Home > Maps

R code for electorate maps

I have a few sets of maps of Australian electorates, most of which I made with the R code below. The basic idea is that I'll want to draw the same regions every time I make a set of maps, just changing the variables used to make the colour scale. There are two slightly tricky things: drawing the labels so that they don't overlap one another, and making sure that the zoom on each region is the same each time I make a set of maps.

QGIS does automatic labelling with little effort, but I couldn't find a way to get repeatable zooms (it looks like it might be possible with Print Composer, but I found it very hard to use). R with ggplot2 makes it easy to set the bounds on the plot axes, but you have to tinker with the label positions manually. The latter is annoying, but it only needs to be done once (unless the length of the label text changes, as might happen sometimes).
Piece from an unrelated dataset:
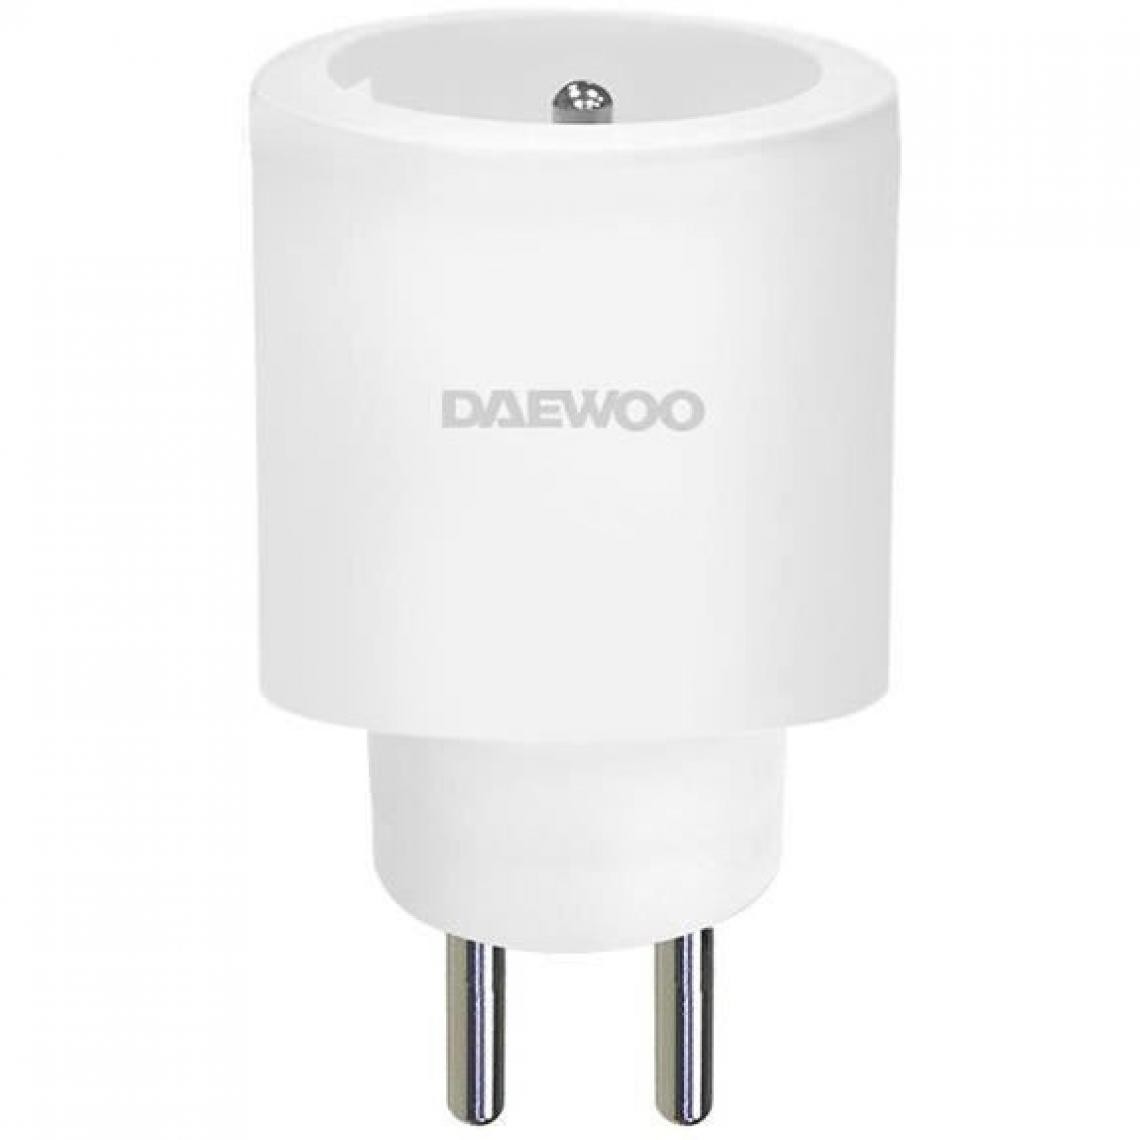 Daewoo - Daewoo Prise connectée SP501F - Prises programmables

I have a zip file here containing a shapefile of the electorates – it's the ABS's CED_2011_AUST shapefile, with simplified geometries to reduce the filesize and a few pathological features (no-usual-address-type things) removed. It also contains an example CSV file, which has the percentage of people who had changed address in the 12 months prior to the 2011 Census. The ABS's shapefile is only an approximation to the boundaries defined by the AEC, but since I use ABS data to calculate things about electorates, I follow the ABS boundaries.

The ABS spells, e.g., 'McMillan' as 'Mcmillan'. This is the spelling in the shapefile, and the spelling in CSV files generated by TableBuilder. The code below joins a CSV file to the imported shapefile by electorate name, and the spellings have to be consistent. If your CSV file has proper Mc spellings, then I would suggest moving the re-naming of the Mc electorates to just before the join.

Drawing complicated polygons is something that takes ggplot a little bit of time compared to GIS software – a full set of eight plots takes about four to five minutes on my computer.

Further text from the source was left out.